Connect the electrolytic capacitor 4 with a capacity of 1 F to the charging switch 2 with a wire, and connect it to the positive and negative poles of the soil battery pack, turn on the charging switch 2, and the soil battery 1 connected in series starts to charge the electrolytic capacitor 4. At the same time, after the electronic timer 5 with a rated voltage of 1.5 V is connected in series with the power supply switch 3, it is connected in parallel with the electrolytic capacitor 4. During the charging process of the electrolytic capacitor, the power supply switch 3 is kept in an off state. Use a multimeter to measure the voltage at both ends of the electrolytic capacitor. When the voltage reaches 1.5 V, turn off the charging switch 2 and turn on the power supply switch 3. At this time, the electronic timer starts counting and clearly displays the time, indicating that the electric energy drive using soil power generation has been successfully realized.
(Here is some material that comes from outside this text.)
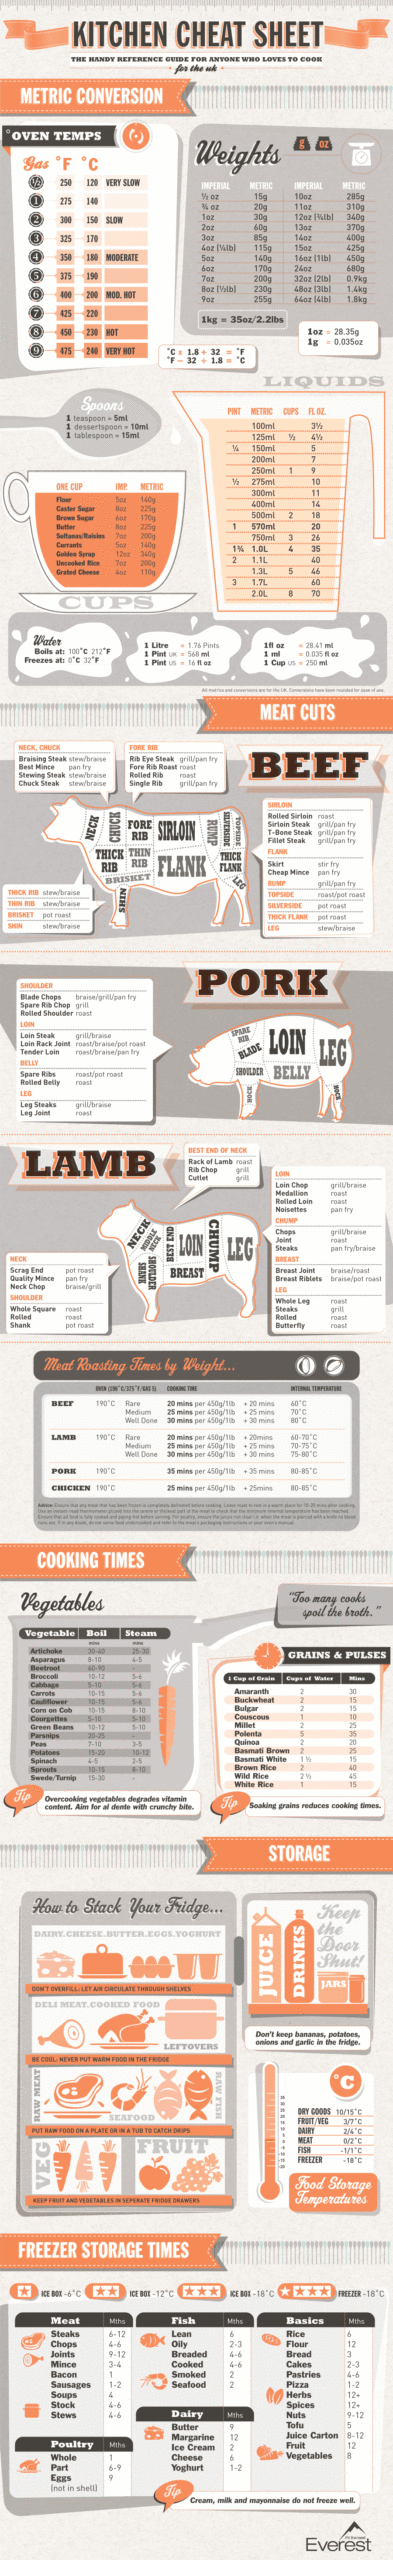 This Kitchen Cheat Sheet Has Weights, Measures And Cuts Of Meat

Small appliances.

Claims (6)

1. a kind of device to be generated electricity using soil, it is characterised in that: including soil battery pack, charge switch and electrolytic capacitor, institute It is connect by conducting wire with the two poles of the earth of soil battery pack after stating charge switch and electrolytic capacitor series connection；

The soil battery pack includes at least two soil batteries, and soil battery is serially connected to form soil battery pack；

The soil battery includes battery case, anode, soil, cathode and water, and soil is placed in battery case inner bottom, and water covers It covers in soil surface, anode is embedded in the soil, and cathode is submerged in water.

2. the device according to claim 1 to be generated electricity using soil, it is characterised in that: capacity > 1 of the electrolytic capacitor mF。

3. the device according to claim 1 to be generated electricity using soil, it is characterised in that: the material of the battery case is exhausted Edge material is selected from plastics or glass.

4. the device according to claim 1 to be generated electricity using soil, it is characterised in that: the material of the anode and cathode is selected From stainless steel, titanium, platinum, carbon felt, carbon cloth or graphite.

5. it is according to claim 1 using soil generate electricity device, it is characterised in that: the material of the conducting wire be selected from copper, Aluminium or titanium.

6. the device according to claim 1 to be generated electricity using soil, it is characterised in that: the organic carbon content of the soil > 5 mg/kg, source include but are not limited to forest land, meadow, farmland, paddy field or wetland.